# Task

Detect and classify harmful brain activity in electroencephalography (EEG) data: seizure (SZ), generalized periodic discharges (GPD), lateralized periodic discharges (LPD), lateralized rhythmic delta activity (LRDA), generalized rhythmic delta activity (GRDA), or "other".

# Metric

Kullback Liebler divergence between the predicted probability and the observed target.

# Submission Format

For each `eeg_id` in the test set, you must predict a probability for each of the `vote` columns. The file should contain a header and have the following format:

```
eeg_id,seizure_vote,lpd_vote,gpd_vote,lrda_vote,grda_vote,other_vote\
0,0.166,0.166,0.167,0.167,0.167,0.167\
1,0.166,0.166,0.167,0.167,0.167,0.167\
etc.
```

Your total predicted probabilities for each row must sum to one or your submission will fail.

# Dataset

**train.csv** Metadata for the train set. The expert annotators reviewed 50 second long EEG samples plus matched spectrograms covering 10 a minute window centered at the same time and labeled the central 10 seconds. Many of these samples overlapped and have been consolidated. `train.csv` provides the metadata that allows you to extract the original subsets that the raters annotated.

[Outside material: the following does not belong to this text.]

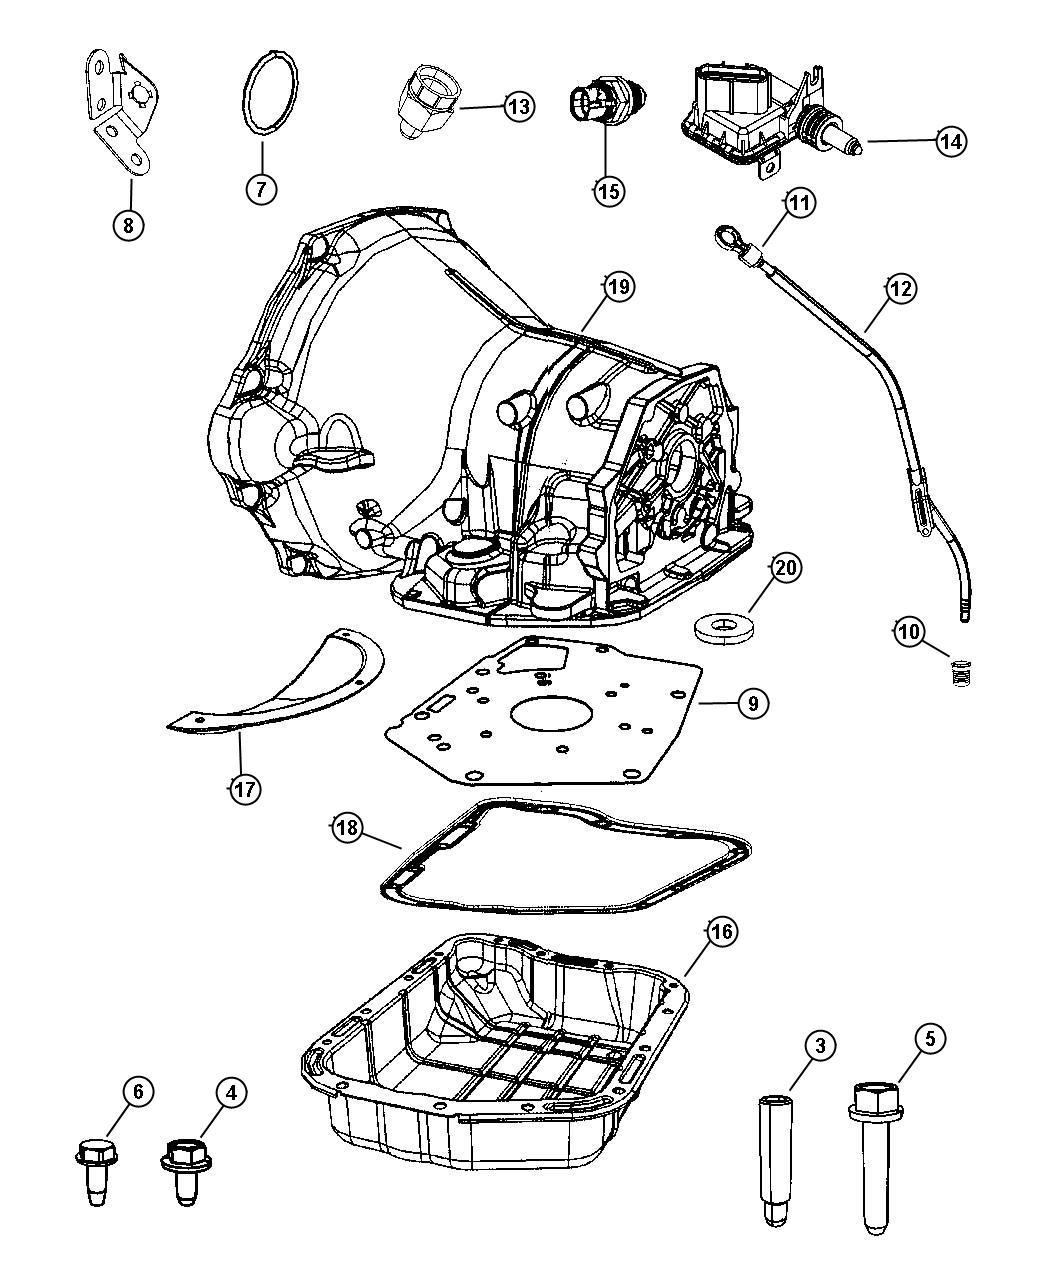 46re transmission diagram choice image diagram design ideas i2162624 46re transmission diagramhtml free dodge van wiring diagrams

- `eeg_id` - A unique identifier for the entire EEG recording.
- `eeg_sub_id` - An ID for the specific 50 second long subsample this row's labels apply to.
- `eeg_label_offset_seconds` - The time between the beginning of the consolidated EEG and this subsample.
- `spectrogram_id` - A unique identifier for the entire EEG recording.
- `spectrogram_sub_id` - An ID for the specific 10 minute subsample this row's labels apply to.
- `spectogram_label_offset_seconds` - The time between the beginning of the consolidated spectrogram and this subsample.
- `label_id` - An ID for this set of labels.
- `patient_id` - An ID for the patient who donated the data.
- `expert_consensus` - The consensus annotator label. Provided for convenience only.
- `[seizure/lpd/gpd/lrda/grda/other]_vote` - The count of annotator votes for a given brain activity class. The full names of the activity classes are as follows: `lpd`: lateralized periodic discharges, `gpd`: generalized periodic discharges, `lrd`: lateralized rhythmic delta activity, and `grda`: generalized rhythmic delta activity . A detailed explanations of these patterns is [available here.](https://www.acns.org/UserFiles/file/ACNSStandardizedCriticalCareEEGTerminology_rev2021.pdf)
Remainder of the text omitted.